Task instructions
What you return should match the data word for word, minus the images.

Stored data
*-*-*
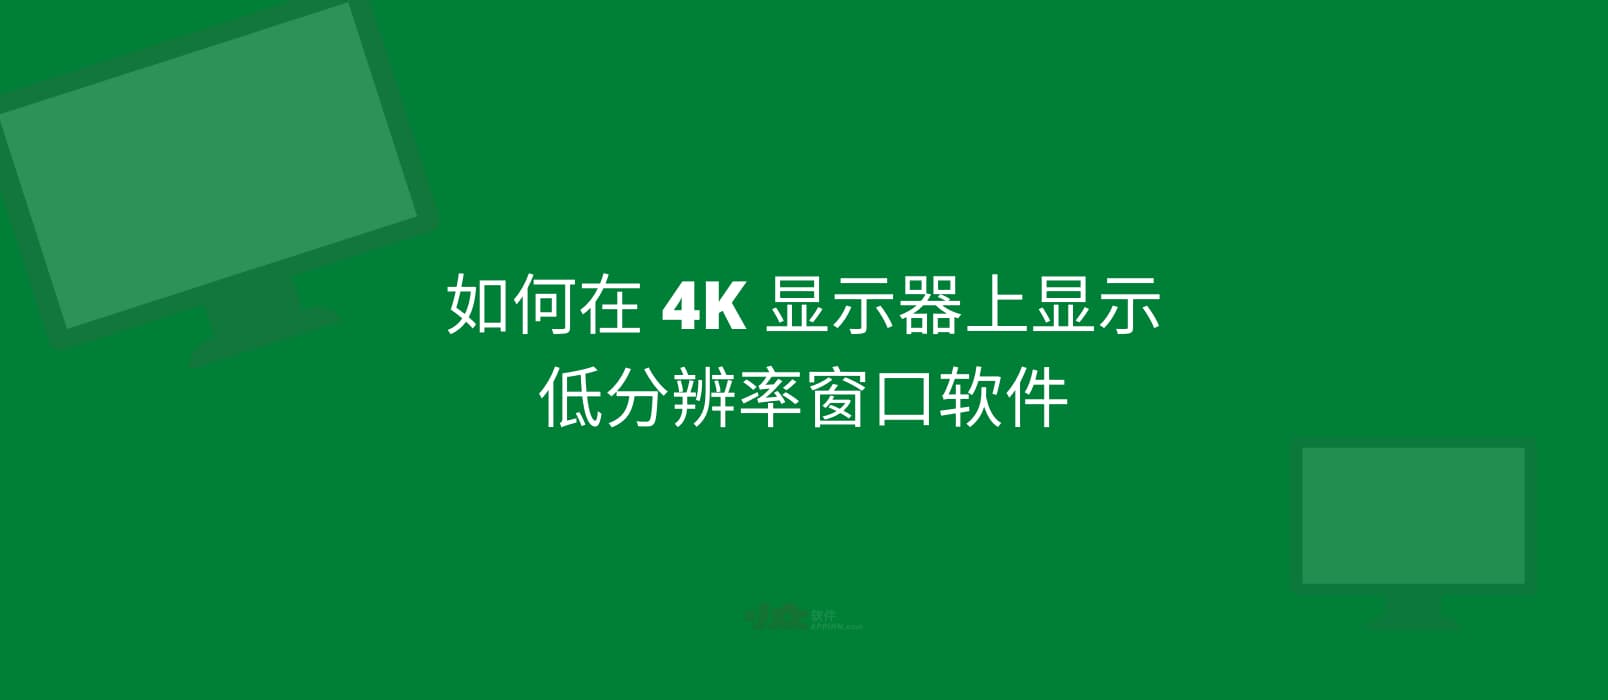 如何在 4K 显示器上显示低分辨率窗口软件？ 1
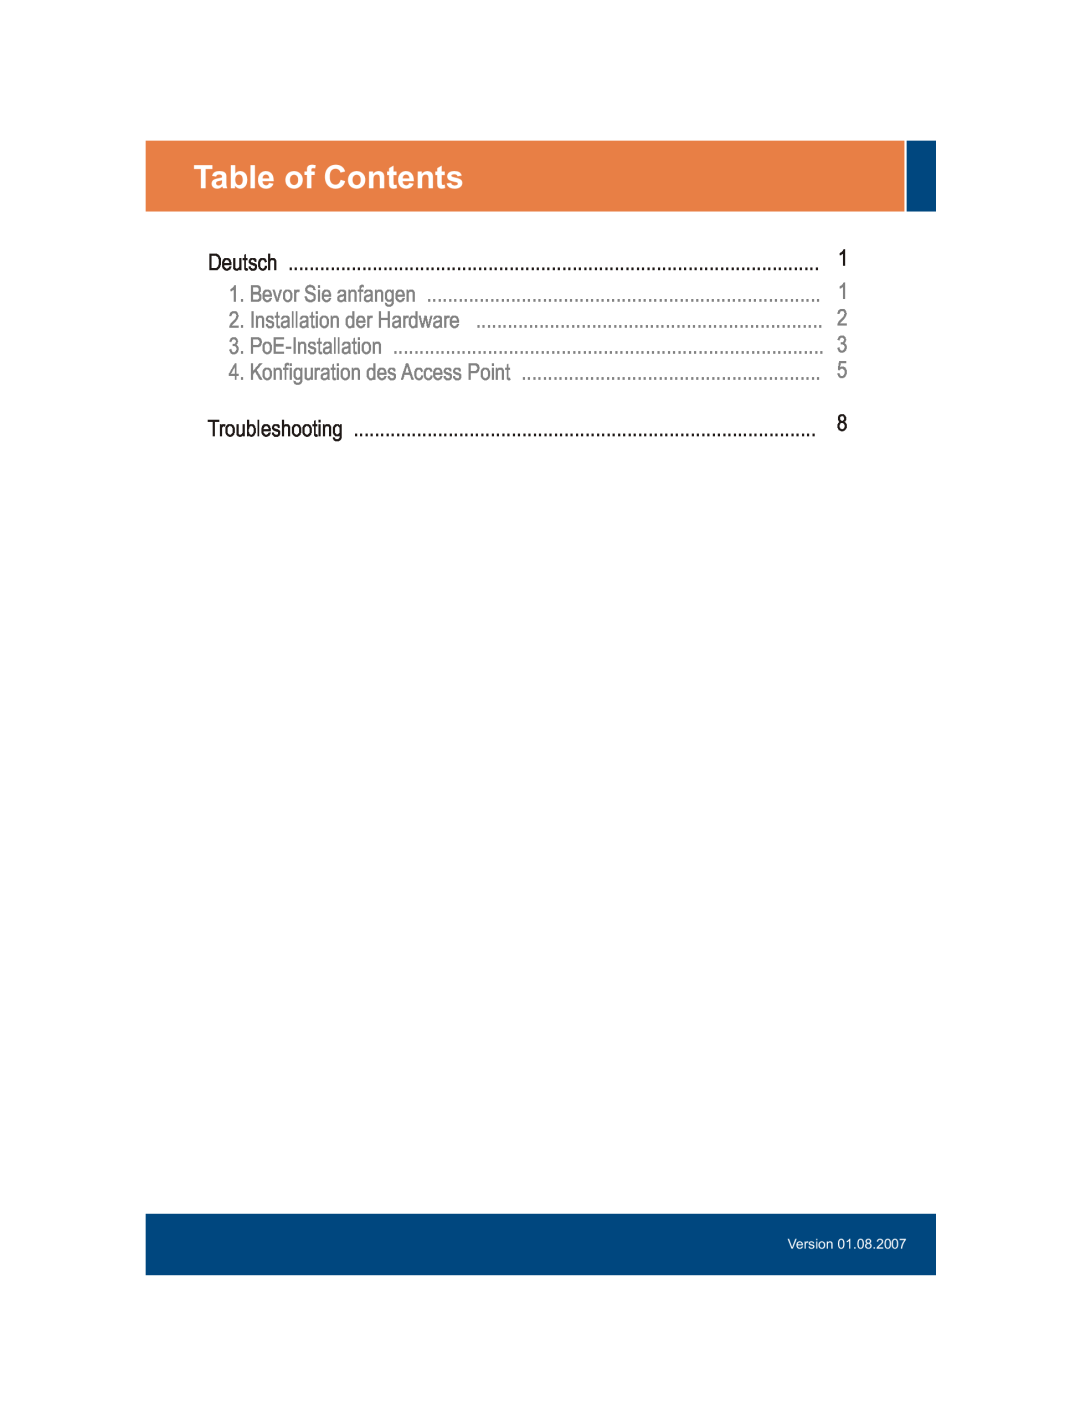 TRENDnet TEW-434APB manual Table of Contents, Bevor Sie anfangen, Installation der Hardware, PoE-Installation, Version 
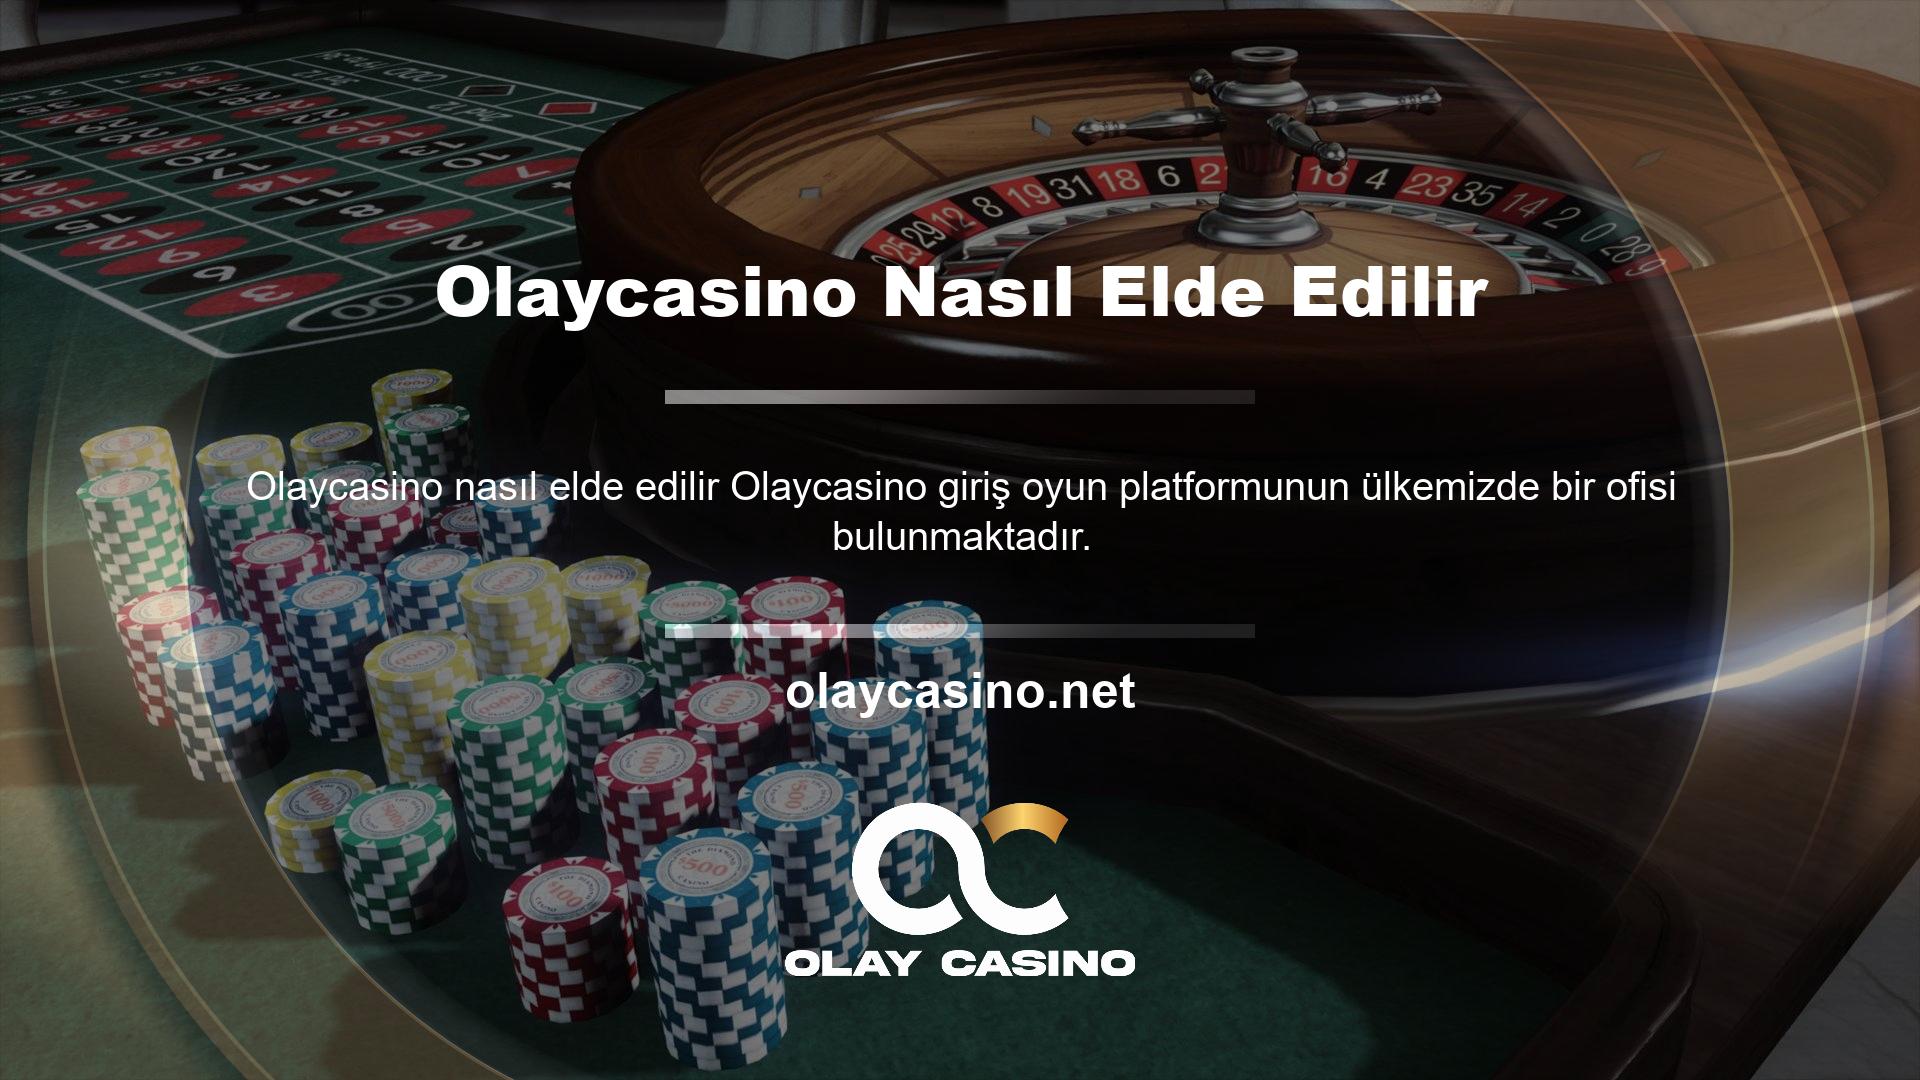 Ülkemizde Bilişim Komisyonu tarafından oluşturulan yasalar, Türkiye'de casino sitelerine ve casino içeriklerine izin verilmediğini belirtmektedir
*-*-*
Answer to the problem
 如何在 4K 显示器上显示低分辨率窗口软件？ 1
 TRENDnet TEW-434APB manual Table of Contents, Bevor Sie anfangen, Installation der Hardware, PoE-Installation, Version 
 Ülkemizde Bilişim Komisyonu tarafından oluşturulan yasalar, Türkiye'de casino sitelerine ve casino içeriklerine izin verilmediğini belirtmektedir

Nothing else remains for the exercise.